Shiloh didn’t expect to hear from Cary that night.
But he texted her a couple hours after he left. She was still awake.
“I’m sorry.”
“you didn’t do anything”
“That doesn’t matter to your daughter.”
“i’ll worry about my daughter,”Shiloh sent, frowning.
“Sorry. I’m sorry.”
Shiloh sat up to type with both thumbs. She took the time to capitalize and punctuate.“I’m not happy it went the way it did—but there’s no good way to be a divorced mom. Or a kid with divorced parents. This sort of thing happens.”
She sat waiting for Cary to text back.
Finally he sent:
“It didn’t have to happen tonight. I feel like I broke something for you and her, for nothing, on my way out of town.”
The“for nothing”snagged in Shiloh’s chest.“This really isn’t yours to worry about,”she texted.
Cary didn’t reply.
Shiloh lay back down, still holding on to the phone. She was exhausted. She hadn’t washed her face. Her eyeliner felt tacky.

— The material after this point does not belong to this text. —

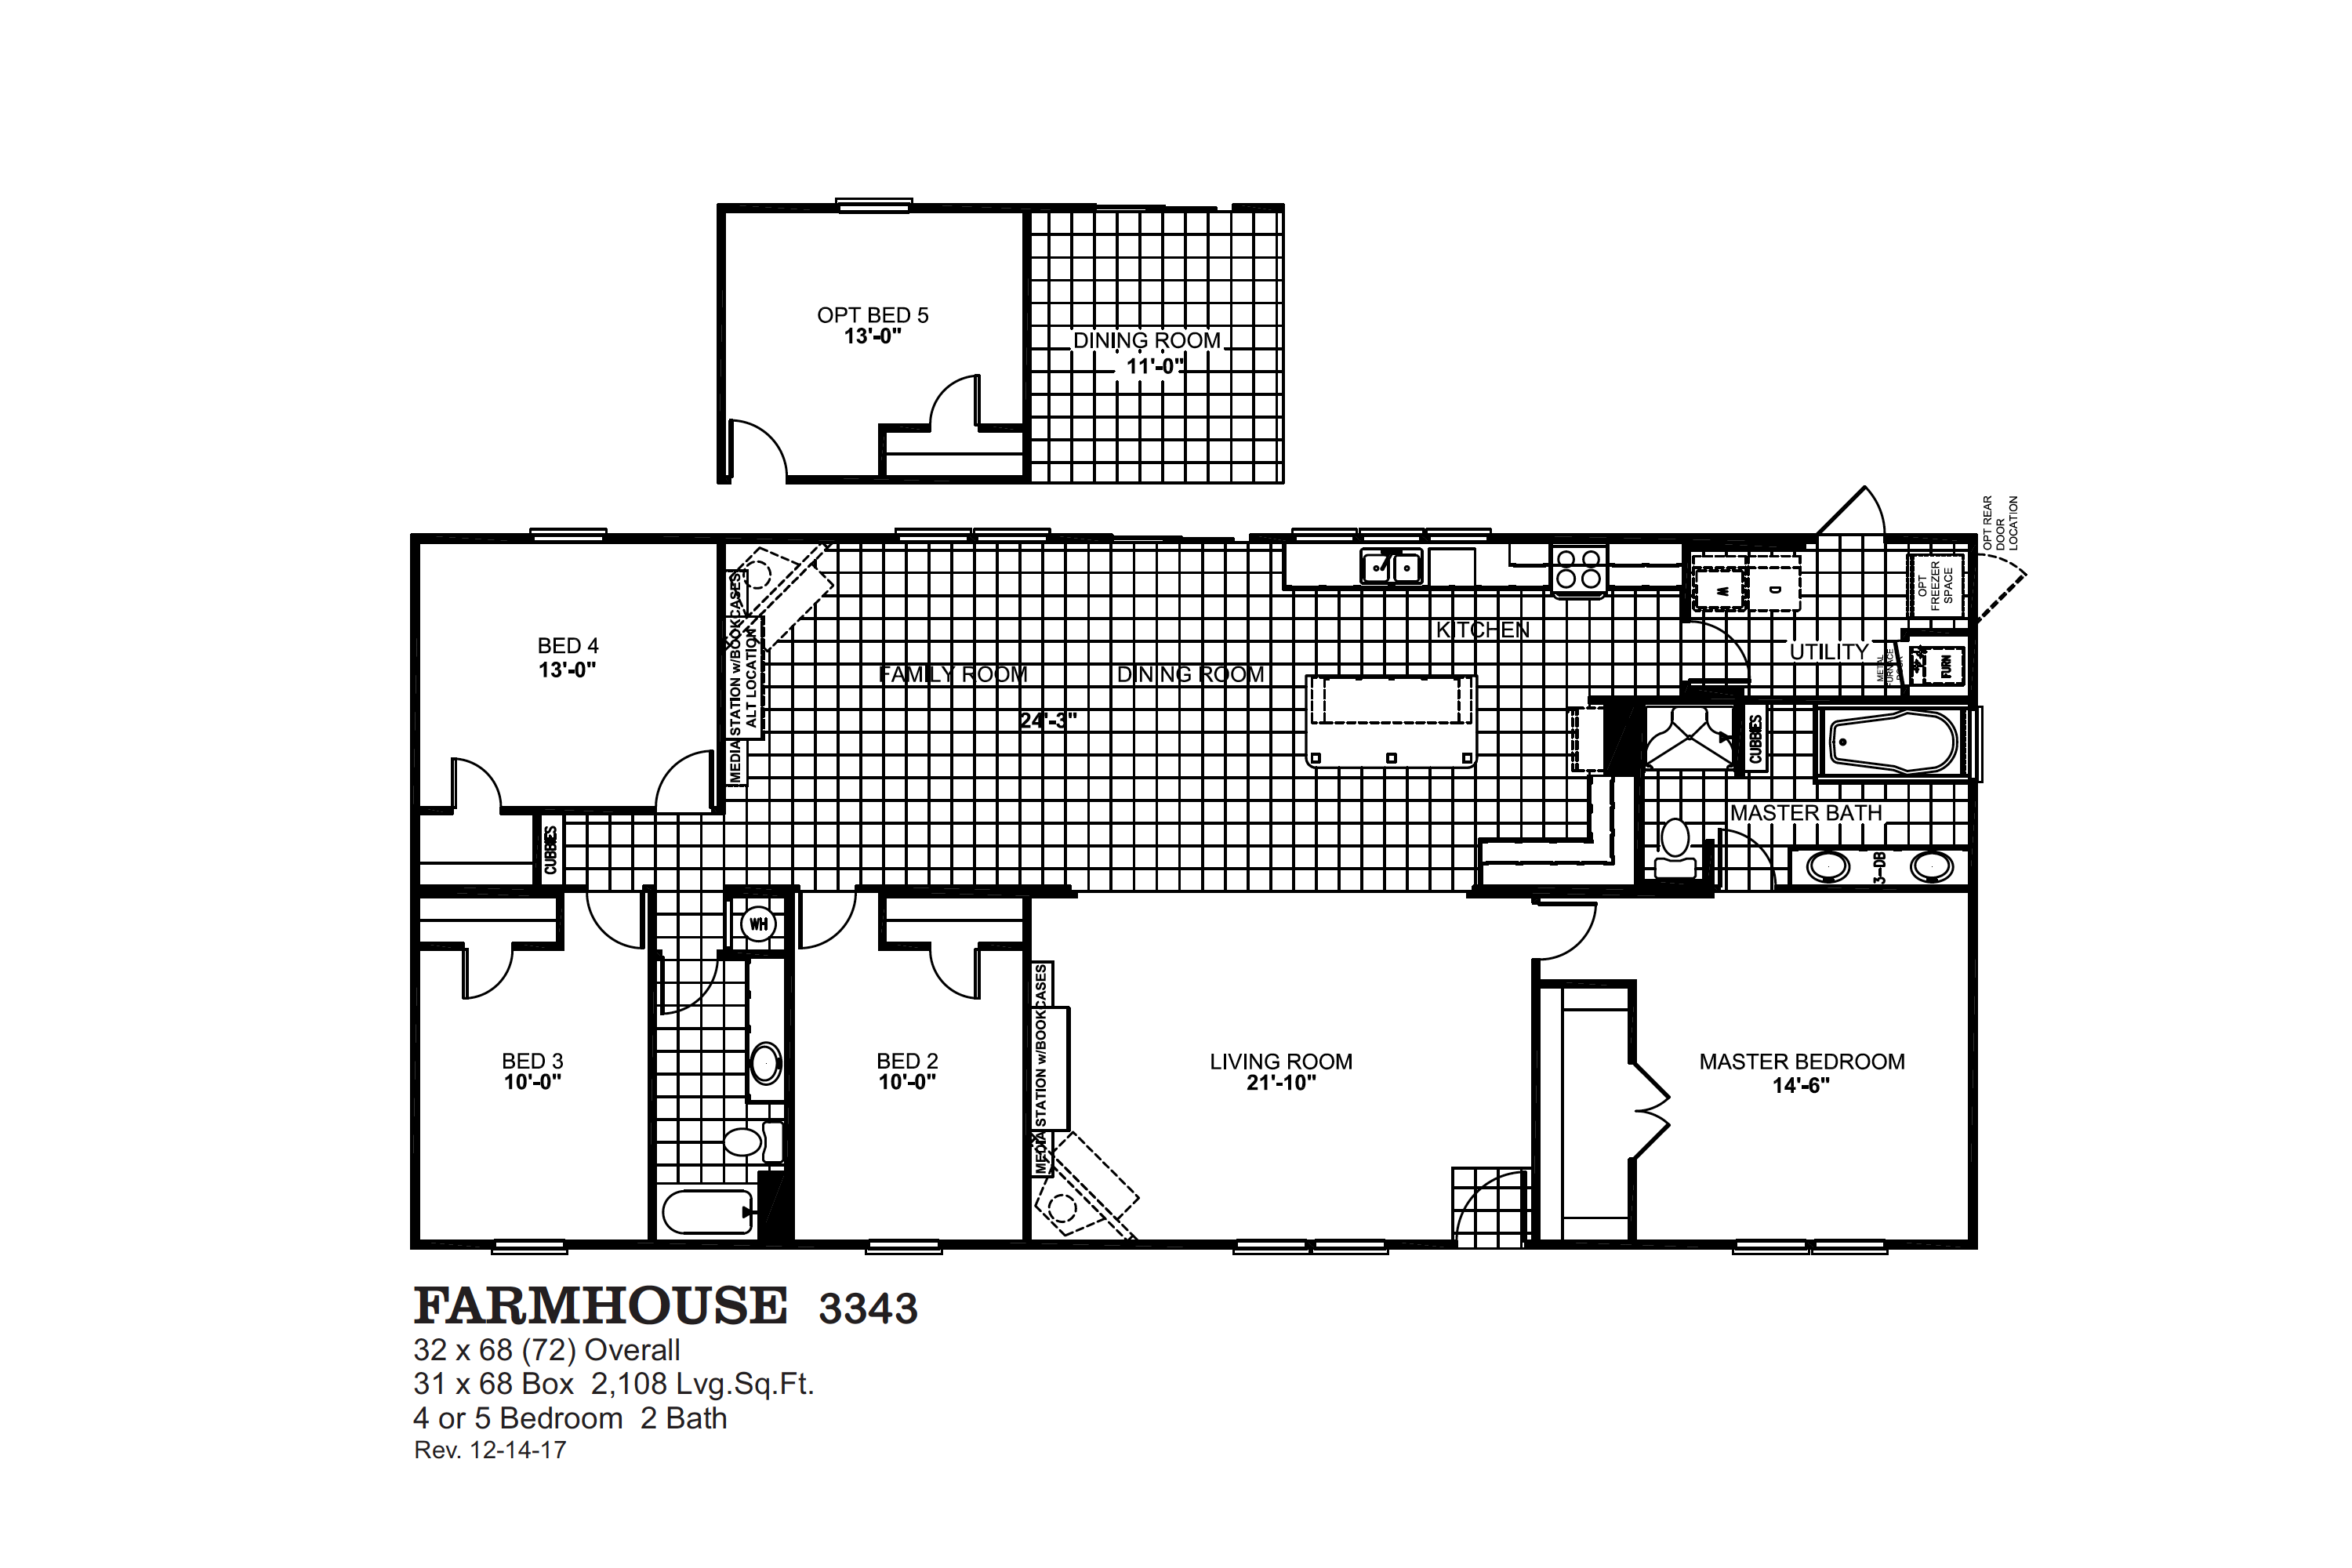 Farmhouse 3343 Floorplan

Her phone beeped. The text was so long, it got sent in two parts:
“I was so angry with you after the wedding for saying you were giving me an out. But what you were really saying was that the stakes were too high for me”
“to even understand. And you were right.”
After a second, Cary sent:
“I don’t want to be the guy who makes your kids feel that way.”
Forty-Three
before
It was hard to sleep with someone else in her bed. Was she just supposed to close her eyes and turn off? With someone else right there? With Cary right there?
The bed in Shiloh’s dorm room was a twin. Cary was lying with his back against the wall. The only way for her to stay off the edge was to lie right next to him, with her head next to his on the pillow.
His eyes were closed... Shiloh couldn’t tell whether he was asleep. Cary had so many moles on his face, it was impossible to keep track of them all. If he’d only had one or two, they’d stand out. But instead they registered as a field. He had one hidden in his eyebrow. Shiloh touched it. Cary’s eyelid twitched. His eyebrows didn’t have much shape, and they sort of faded out at the ends. Not like Shiloh’s at all.
She touched his other eyebrow. His whole face twitched. “Go to sleep,” he said.
“I can’t,” she whispered.
“Why not?”
“Because of you.” She kissed his cheek.
Cary didn’t react.
There was a bumpy mole on the side of his nose. She touched it. There was a scar on his cheek. It looked like he’d had a couple stitches. Shiloh kissed it. She touched the pitted line of it with her tongue, so she could feel it better.